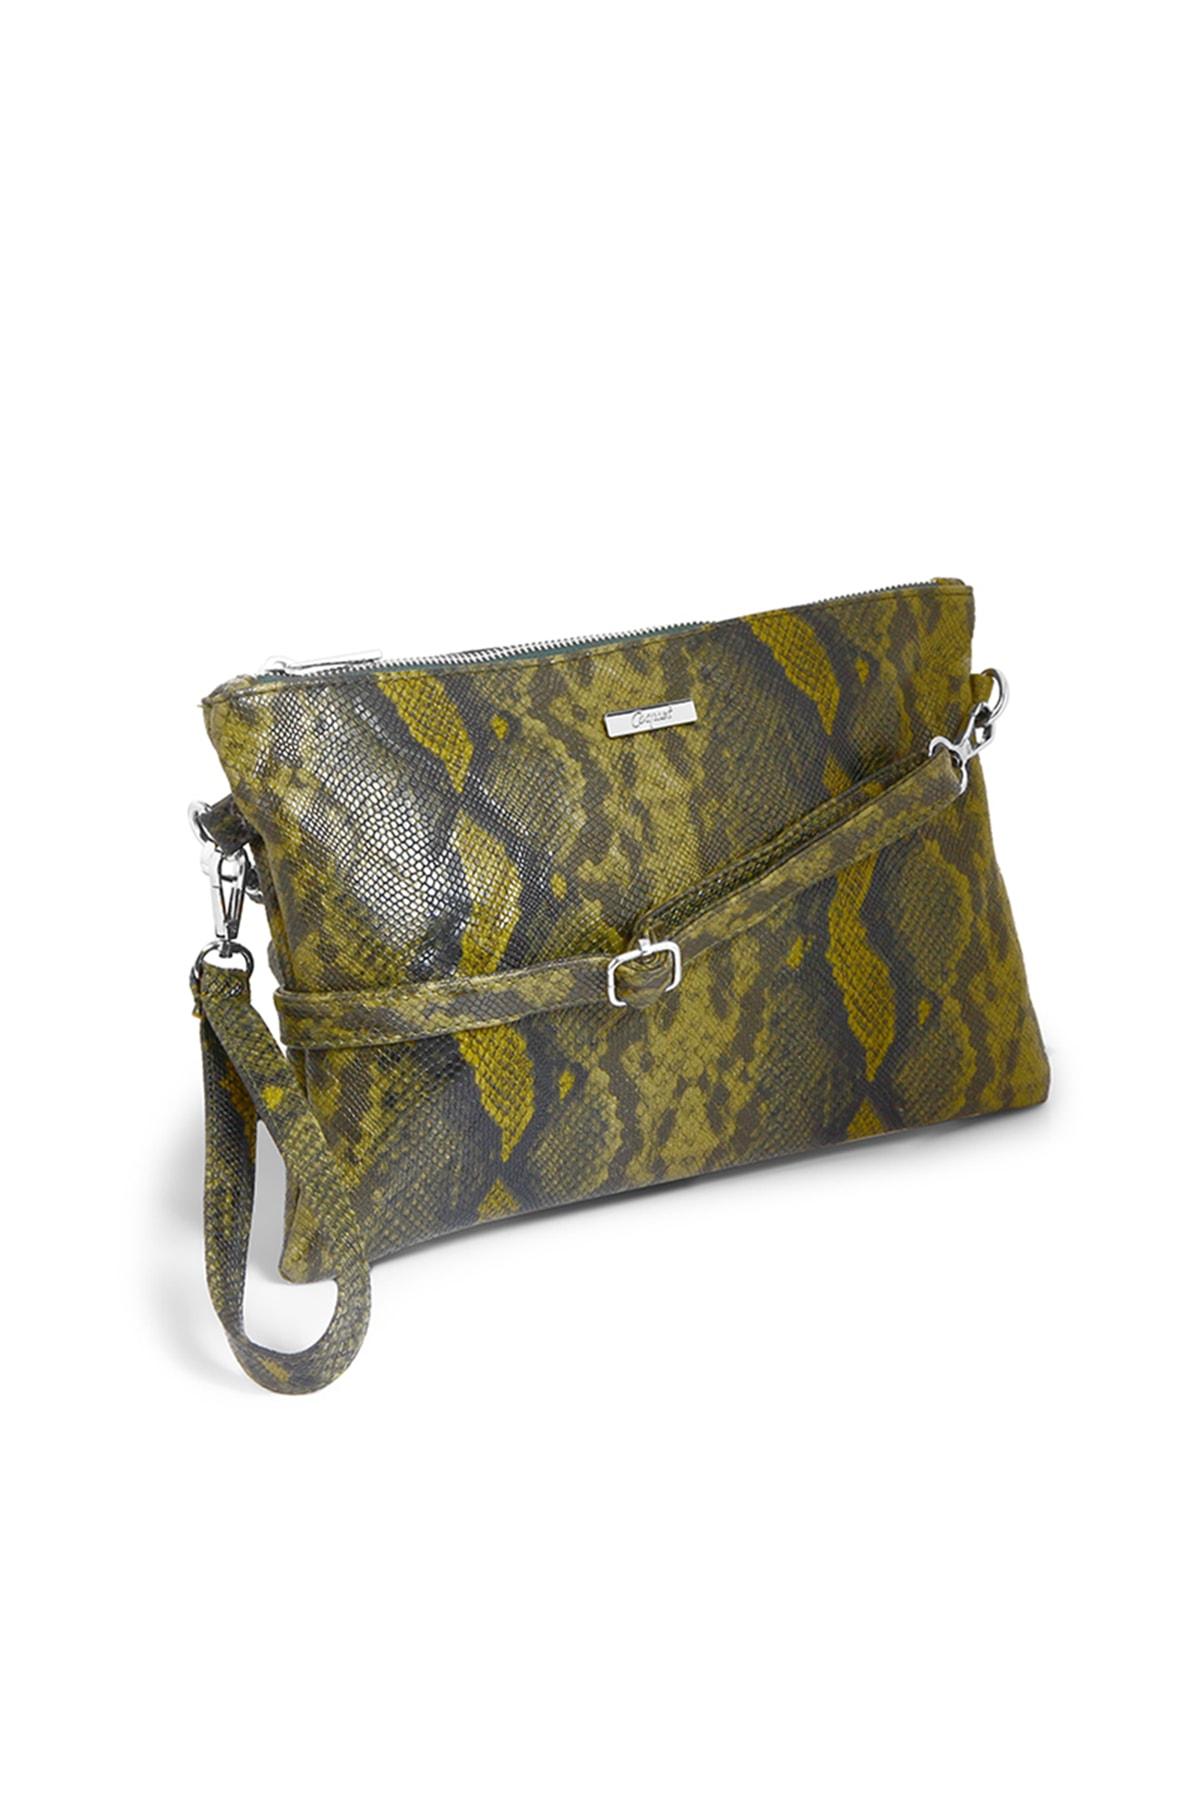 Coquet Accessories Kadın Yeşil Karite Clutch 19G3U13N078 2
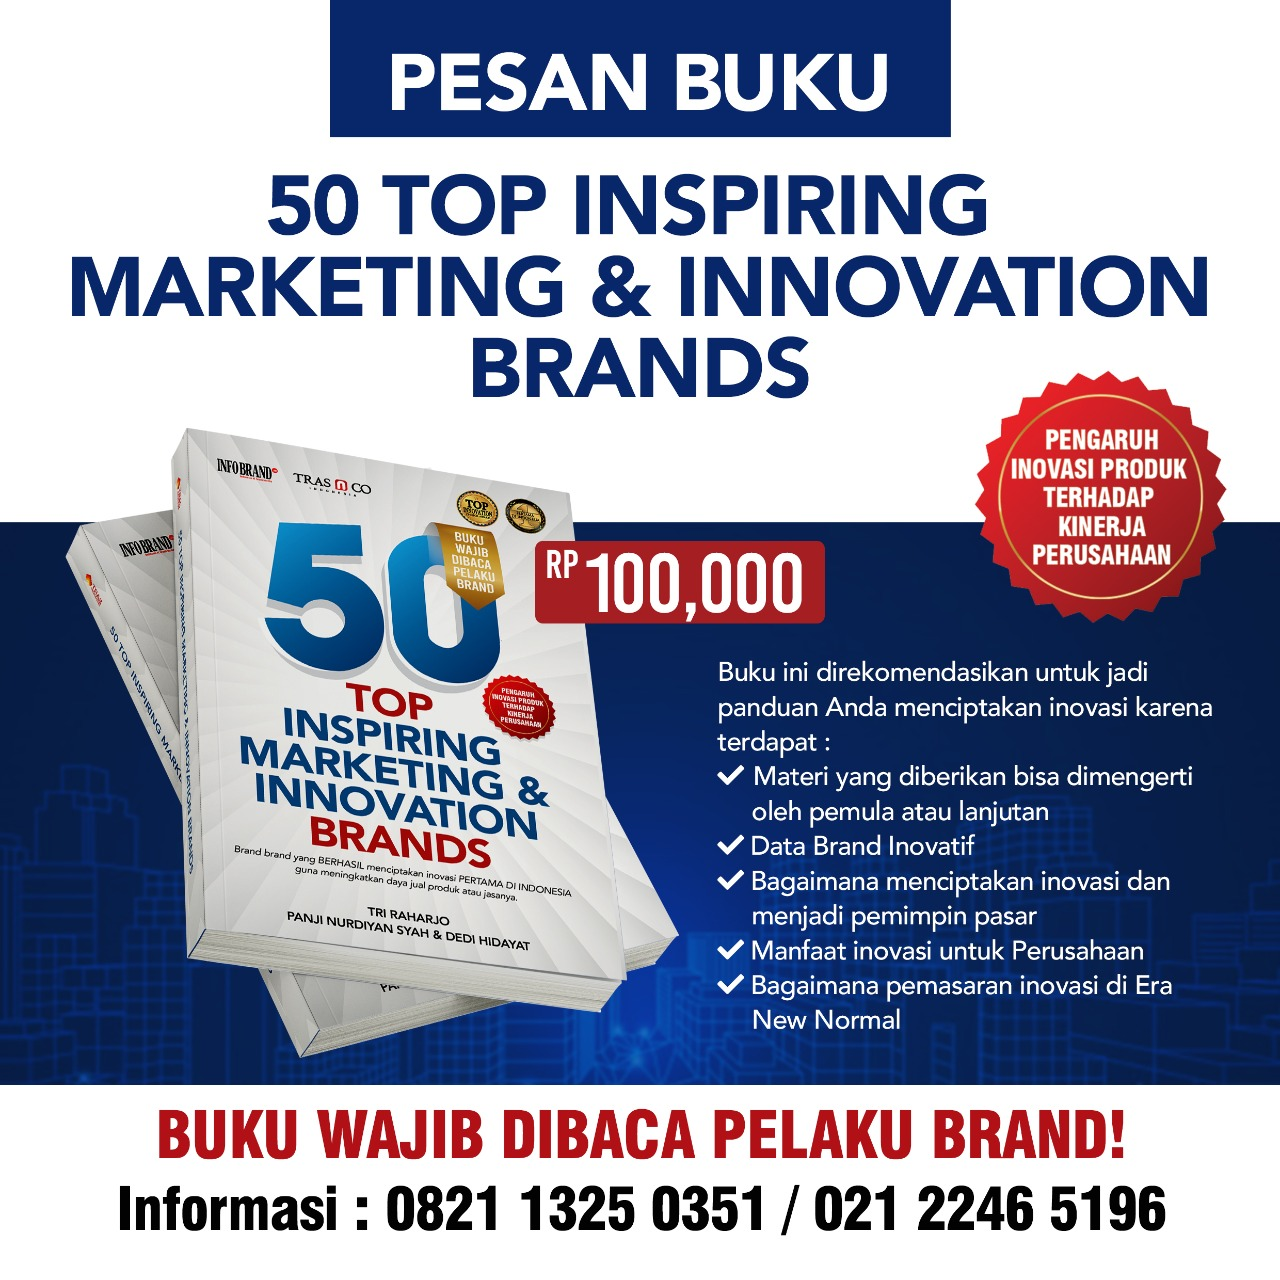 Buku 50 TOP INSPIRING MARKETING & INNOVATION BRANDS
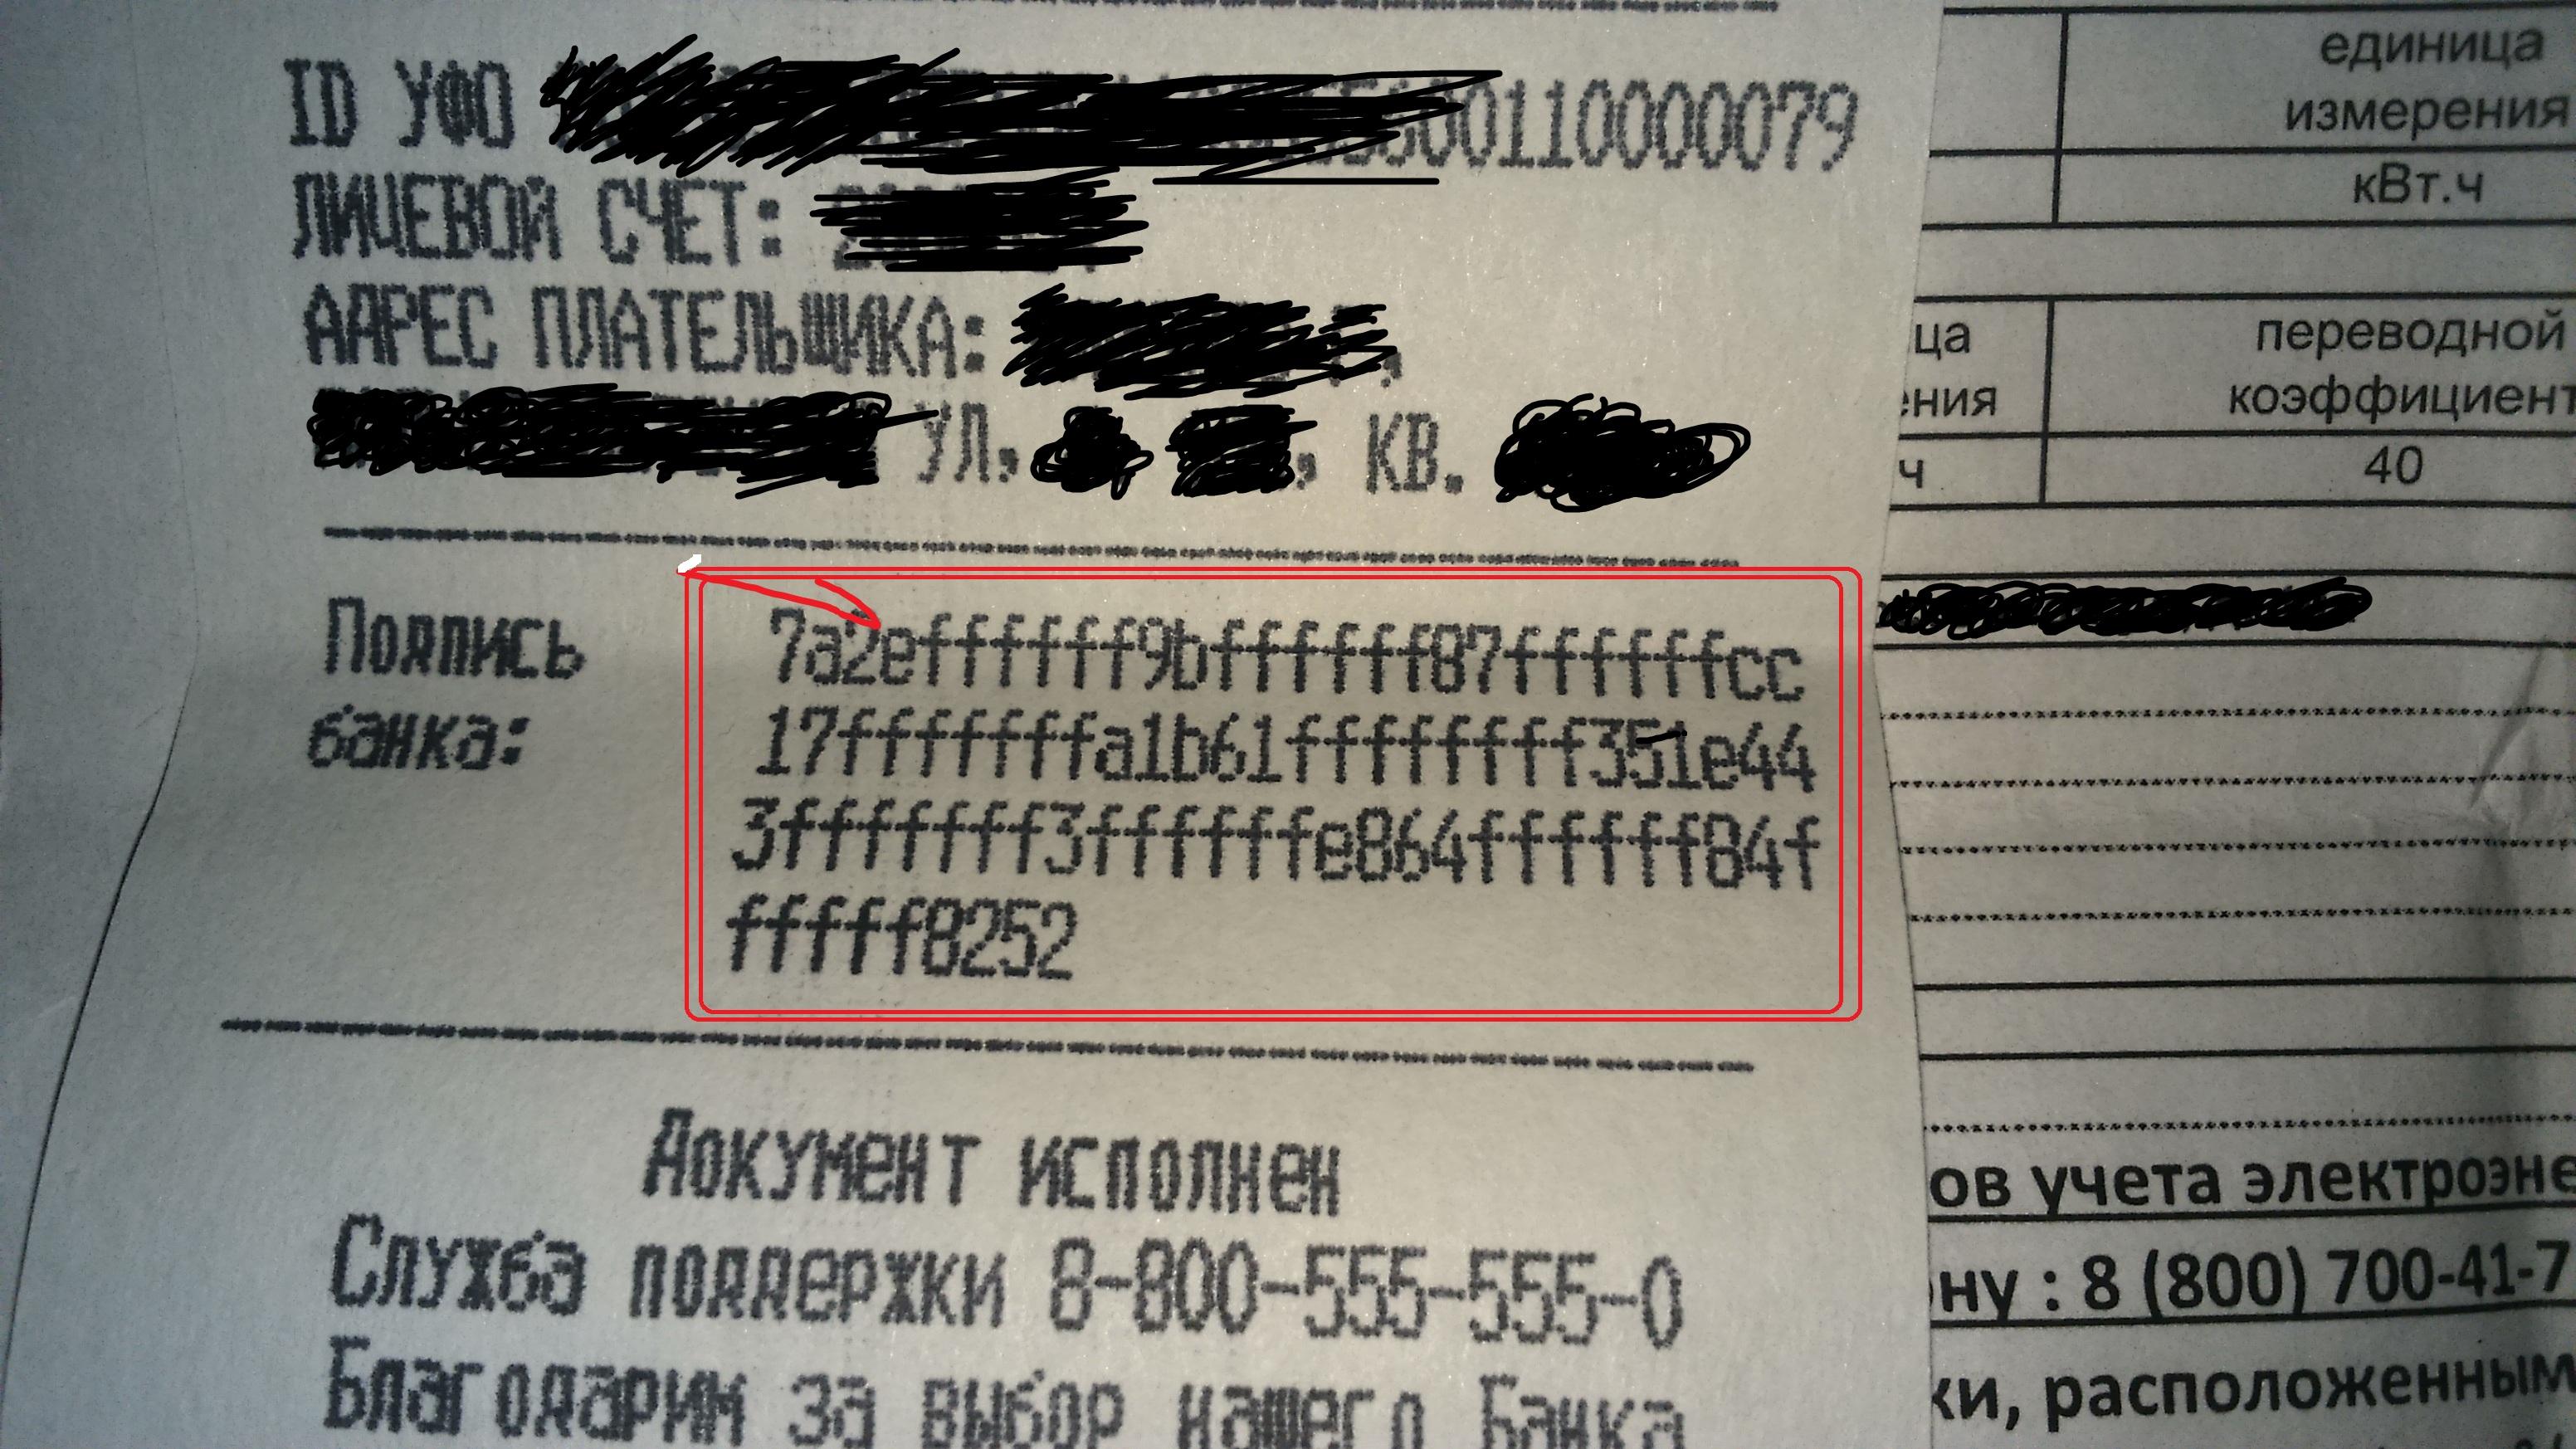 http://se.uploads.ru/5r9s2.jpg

— Your instructions —
Find the line with "Buku 50 TOP" in the listing and extract it and all lines after it through the end, exactly, without the pictures.

— Task answer —
 Buku 50 TOP INSPIRING MARKETING & INNOVATION BRANDS
 http://se.uploads.ru/5r9s2.jpg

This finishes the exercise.